I wouldn't call it simplistic, though. We learn definitively that Mt Fuji survives (though it's become an active volcano. . . thanks to an Aberrant), and we learn this fact in the context of a brief discussion of the Japanese culture's "reverence for nature," which is a nice little interruption from the sketching-out of an elaborate arcology nation. However, we also learn that in just 2-3 generations, the people of Japan have become utterly, almost biologically, opposed to being outdoors, so much so that the Imperial Gardens "often go empty," despite being open to the public. One-hundred years is not that long a time, especially since it's only really like 60 since the Aberrant War changed everything.

I don't want to downplay the consequences. The Bharati Commonwealth makes a bit more sense now that I've learned that 700 million people died in India during the Aberrant War. It would take a miracle to bring India, Pakistan, and Bangladesh together, but that kind of crisis might be enough to do it. It creates a new setting mystery, though. Like, I always assumed that the shift in global power structures happened because Aberrants migrated to areas that were wealthy and powerful, and thus those are the places that suffered the worst attacks during the War. Africa, South America, India, and China are the new great powers because they were passed over.

But nowhere, not even the now-fascist Federated States of America, is described as losing hundreds of millions of people. The FSA lost New York and DC and Florida and a huge chunk of the midwest, and presidents were assassinated so frequently that the line of succession couldn't keep up, but there was no talk of horror on that kind of scale.

Truthfully, India's writeup didn't quite sell the horror either. I suspect it's a matter of an author thinking in overly abstract mathematical terms. Don't get me wrong, it's portrayed as bad, but it looks like the thought process involved taking a big number and making it smaller without really taking into account the sheer scale of the numbers involved. If India loses half its population, there's not going to be an India any more. Not even as a member state of the Bharati Commonwealth. When we start to talk about population losses in the double-digit percentages, that's a complete breakdown in social order. Infrastructure becomes impossible to maintain, distant regions lose contact with each other (especially in the wake of the overnight destruction of all the world's internet), institutions collapse. There are 31 languages in India with more than a million native speakers. I don't know enough about the region to tell you where the new borders shake out, but I do know human nature enough to know that if the various regions get subsumed into a new federalist structure, they're definitely not going to see themselves as a bloc.

My guess is that the culprit here is an inherited idea that made me uncomfortable in Aberrant 1st edition and which I'm surprised to see make a return in 2nd - "India syndrome" - the idea that Indian people are more likely to see Novas as gods. To be fair, there are a lot of Aberrant cults in 2nd edition, at least one nearly everywhere modern Aberrants appear, but the suggestion that there were so many in old India that they created history's greatest atrocity . . . it's problematic.

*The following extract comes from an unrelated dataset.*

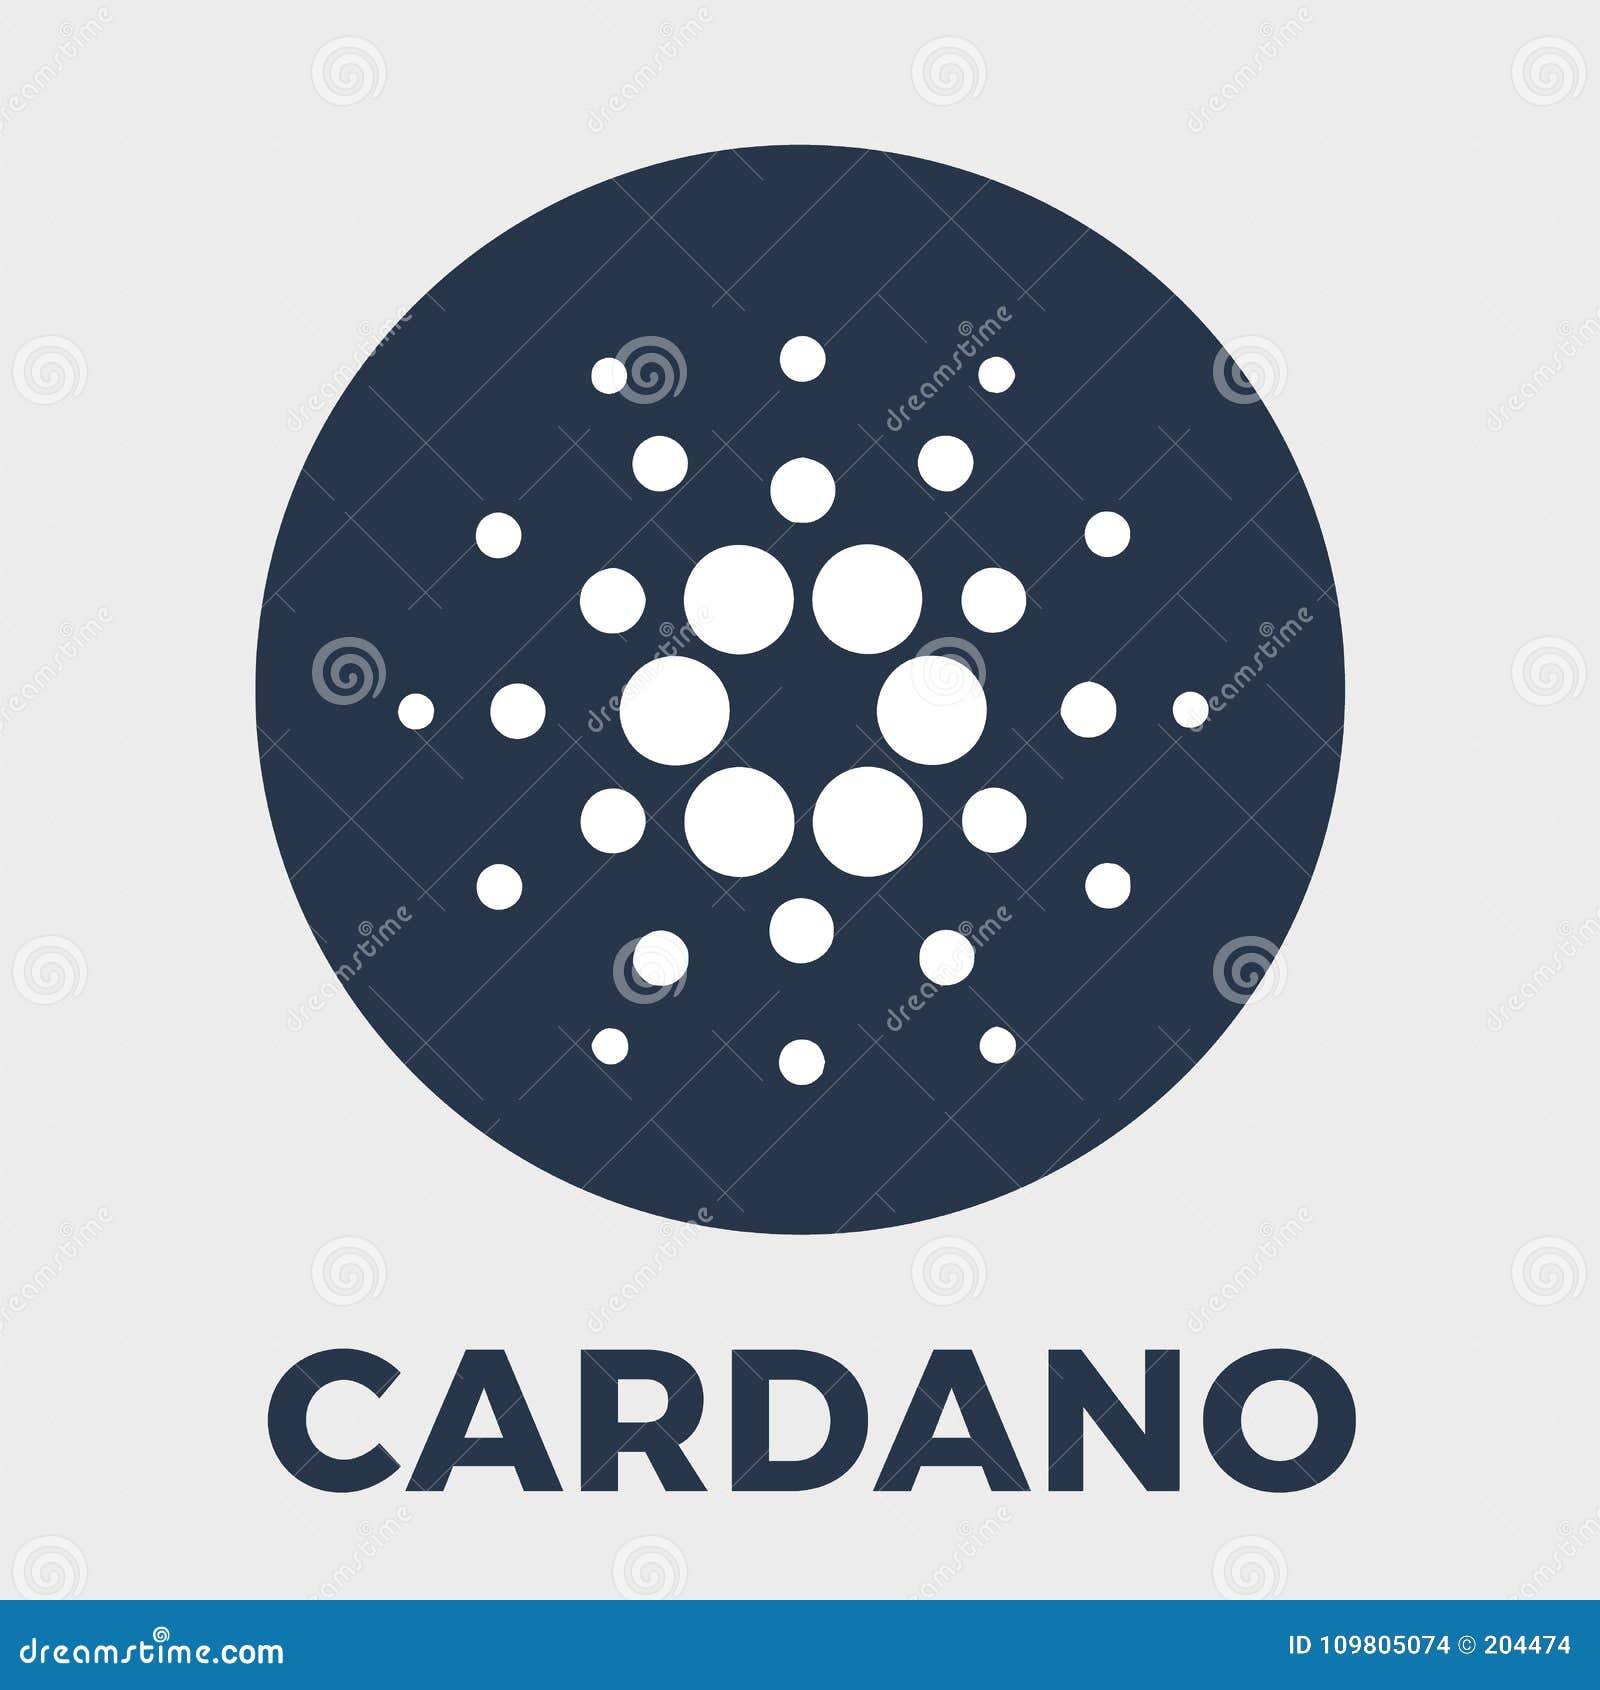 Free 18: Cardano Logo Download

And I've gotten away from the point. Which is that Terra Firma, when it's not being Adventure: 2120! is full of imaginative, but imprecise worldbuilding. It's a good source of ideas for roleplaying games, but it also sometimes seems like a compromise with the uncomfortable truth that the modern economic realities of the industry make it impossible to give these locations the full sourcebooks they deserve.

Ukss Contribution: The Plaguelands are an idea you could build a whole franchise around. Something lurks in the Venezuelan jungle (spoilers: it's an Aberrant) that is mutating the wildlife to become ridiculously dangerous - like "having biological organs that jam radio communications" - level adapted to fucking up humanity's shit. It's enough of a problem that there needs to be a permanently fortified border with the jungle, and even with all the guns pointed inward, freaky nightmare-beasts still break through. Maybe there could be some kind of malevolent hyper-evolution somewhere on Ukss too.